The Hasse's theorem says that for an elliptic curve $E$ defined on $\mathbb{F}_p$ where $p$ is a prime number, we have:
$|n-(p+1)| < 2\sqrt{p}$ with $n$ the order of $E$.
I am wondering why the absolute value is so important here? If $n-(p+1) > 0$ then it doesn't matter. But if $n-(p+1) < 0$, as $2\sqrt{p} > 0$ we don't need to use the absolute value to conclude that $n-(p+1) < 2\sqrt{p}$.
I think I'm missing something, could someone explains why do we need to apply this function?
$|n-(p+1)| \le 2 \sqrt{p}$ is a stronger statement than $n - (p+1) \le 2 \sqrt{p}$. Rephrasing the theorem in the way you suggest would weaken the conclusion.

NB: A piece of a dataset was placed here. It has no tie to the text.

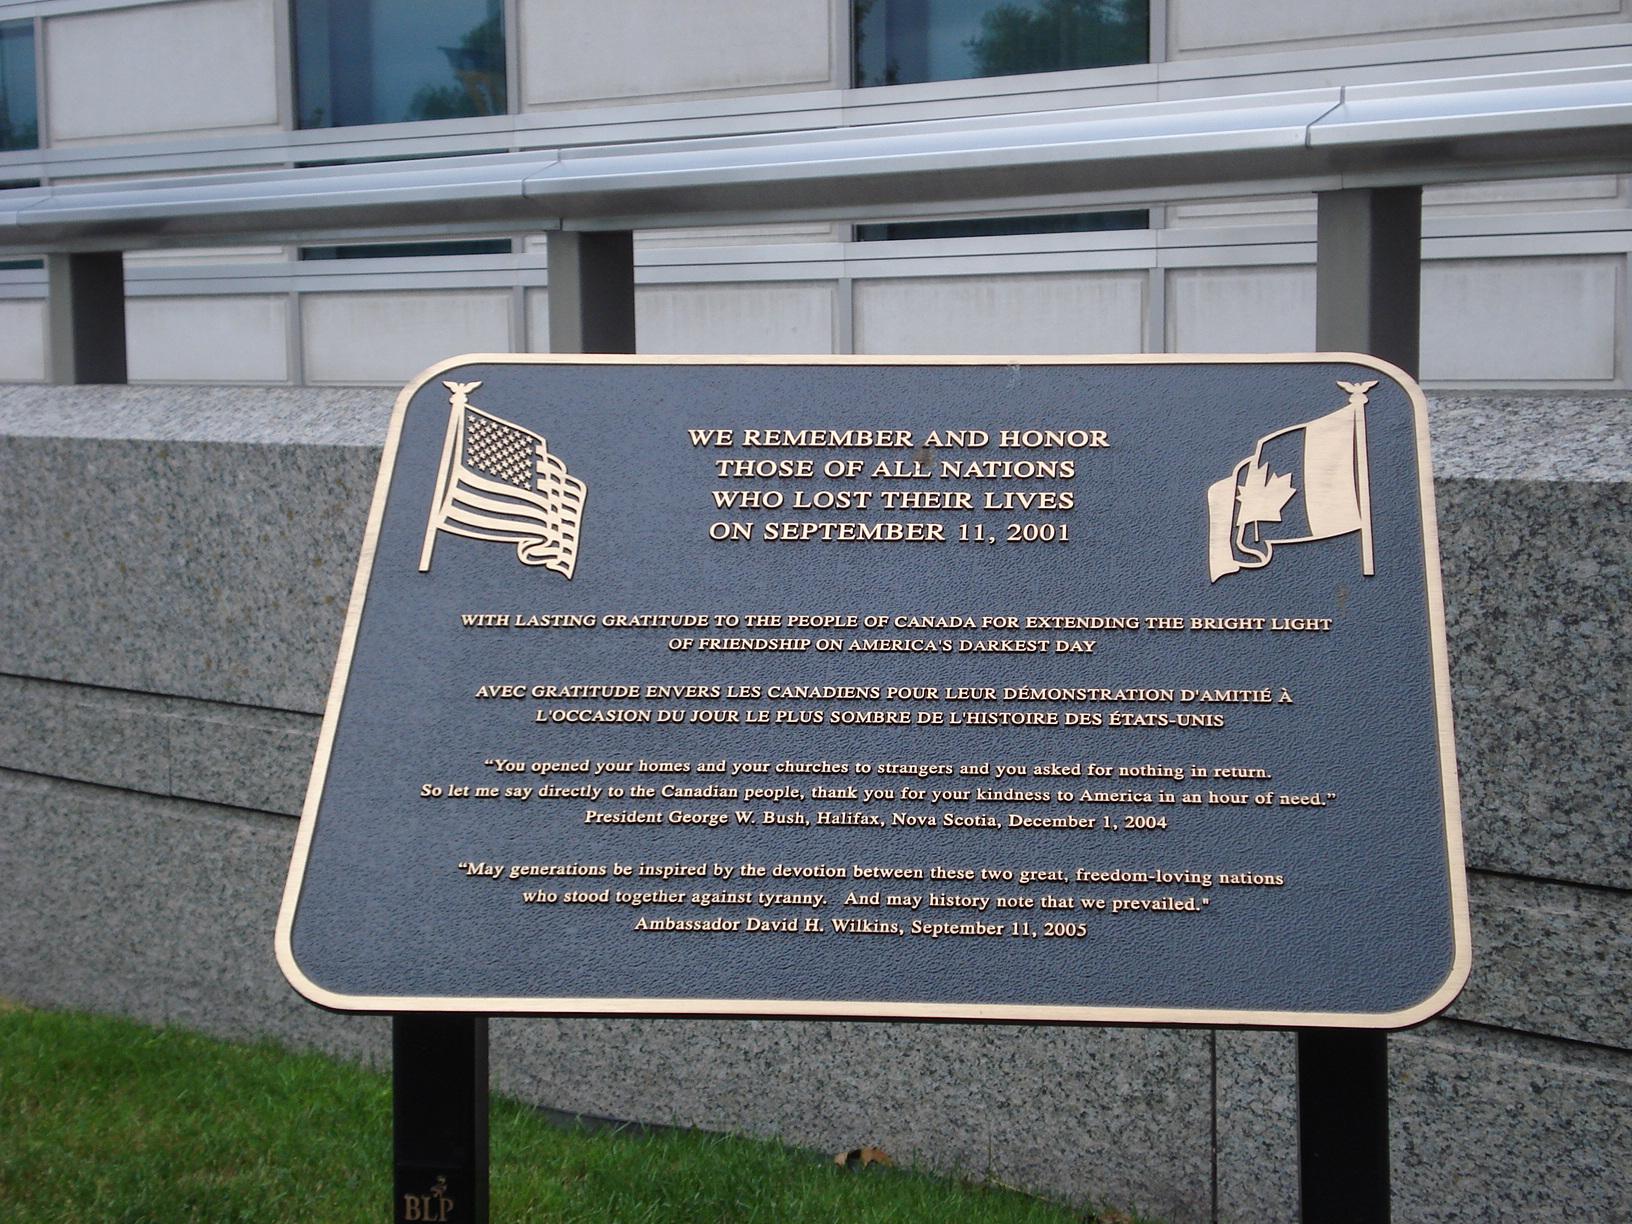 US Embassy Memorial Plaque - Ottawa, Ontario, Canada

The point of Hasse's theorem is that the curve has "roughly" $p+1$ points. It gives a bound on how far the actual number of points, $n$, can deviate in either direction from $p+1$ (by no more than $2 \sqrt{p}$). The statement $n - (p+1) \le 2 \sqrt{p}$ only gives an upper bound on the number of points, compared to $p+1$. So there could be arbitrarily few points.